И тут я увидел парня и девушку, которые медленно прогуливались по коридору. Парень, махая руками, о чём-то говорил девушке. Она глядела на него, широко раскрыв глаза, и молча кивала. А парень загорался то ли от её кивков, то ли от распахнутых глаз и ещё быстрее махал руками.
Вот это другое дело. С этими ребятами я найду общий язык. С ними есть о чём поговорить. Они явно обсуждают космические загадки.
Я двинулся наперерез парню и девушке.
— Как вы считаете, — спросил я, — чёрные дыры в космосе существуют или это гипотеза?
Парень осёкся и, хлопая ресницами, недоуменно поглядел на меня.
— Чего?
Начиная догадываться, что влез туда, куда не надо, я всё же переспросил:
— Я хотел узнать ваше мнение о чёрных дырах в космосе.
У парня раздулись и побелели ноздри. Он стал удивительно похож на разъярённого тигра.
— Слушай, малявка, катись отсюда…
Но девушка коснулась рукой его руки, и этот сорвавшийся с цепи «тигр» в одно мгновение затих.
— Мальчик, о чём ты хотел узнать? — спросила девушка.
Теперь я понял, что им не до меня, не до загадок космоса, вообще, ни до чего на свете.
— Извините, — попросил я прощения у девушки, а на «тигра» даже не поглядел. Конечно, я виноват, но зачем же орать?

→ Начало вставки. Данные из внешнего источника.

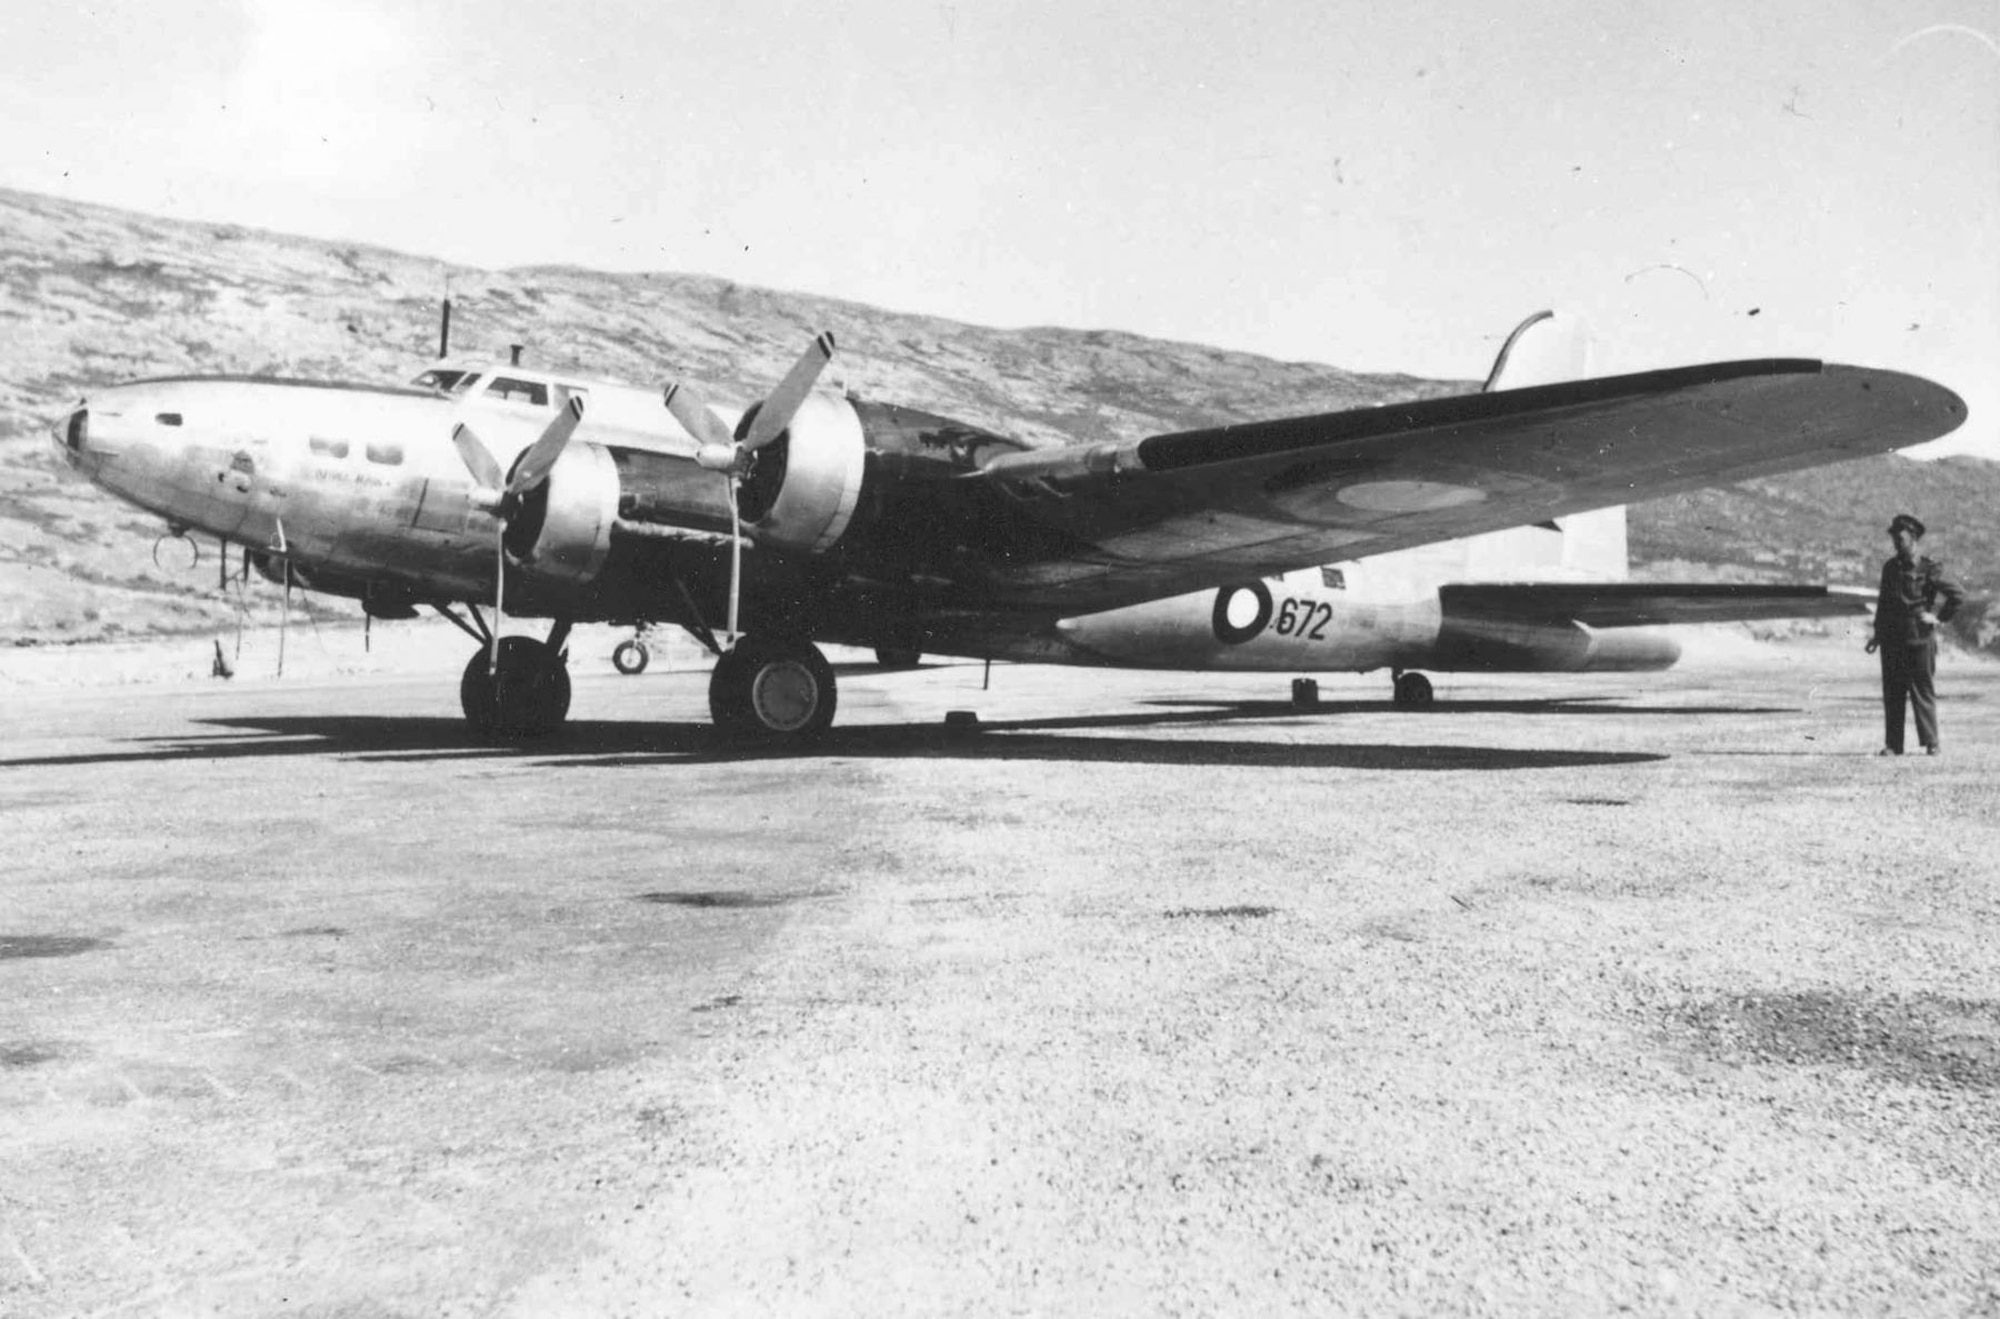 Boeing B-17G "Shoo Shoo Shoo Baby."  The aircraft carried the name "Store Bjorn" while in service with Denmark. (U.S. Air Force photo)

Тут как раз прозвенел звонок, и я поплёлся в свой класс. Я видел, что «тигр» хотел мне что-то сказануть на прощанье. Не тут-то было. Девушка мягко, но надёжно держала его руку, и «тигр» лишь только прорычал мне вдогонку.
Что же мне делать? Младшие не хотят со мной играть, а старшие не хотят со мной разговаривать.

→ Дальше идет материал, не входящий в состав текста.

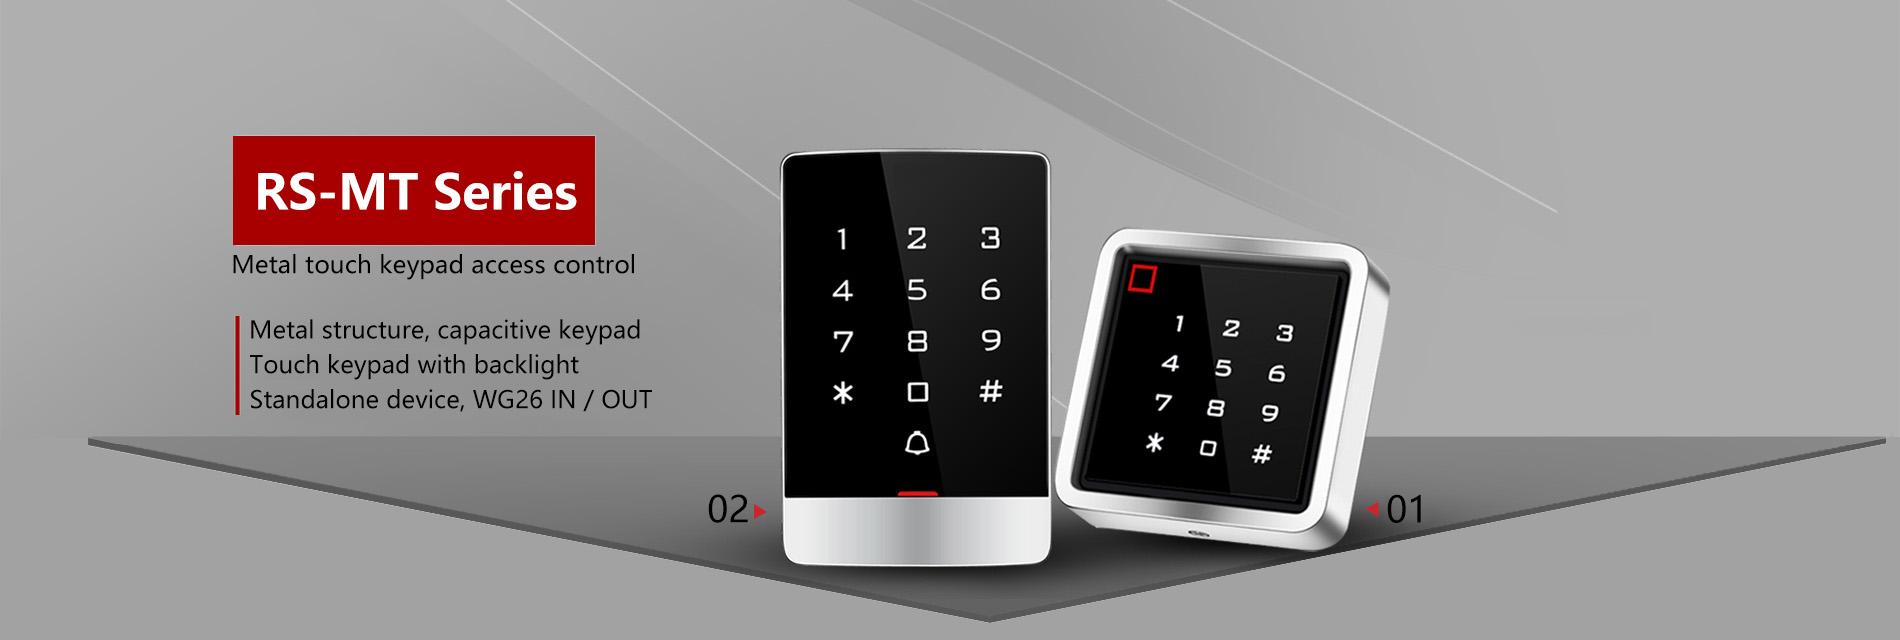 Metal touch access control

В классе я появился, когда урок уже начался. Клавдия Васильевна очень обрадовалась, что я пришёл.
На задних партах и на стульях у стены сидели тётеньки с блокнотами в руках. Всё понятно — открытый урок. То есть такой урок, на котором учителя сами учатся, как нас лучше учить.
Так вот открытый урок — это был единственный урок, на котором меня вызывала Клавдия Васильевна.
Я сел за свою парту и стал глядеть, как, волнуясь, отвечали одна за другой девчонки.
Я покосился на Макаревича-Мандера. Тот сидел с отсутствующим видом. То есть он вроде сам сидел, но его мысли, а значит, и он сам, были где-то далеко отсюда. В общем, он явно отсутствовал. Ну, конечно, он спокоен, его ни за что не вызовут, потому что Клавдия Васильевна на него не надеется, потому что она не уверена в нём на все сто процентов. А во мне Клавдия Васильевна уверена, она знает, что я её не подведу…
И вот настал мой звёздный час. Я вышел к доске и принялся решать задачу. Я стучал мелом по доске, оборачивался к ребятам и объяснял, что я делаю. Потом то же самое я объяснял учительницам. Учительницы открыли блокноты и дружно застрочили. Чтобы они успевали записывать, я стал объяснять чуть помедленнее…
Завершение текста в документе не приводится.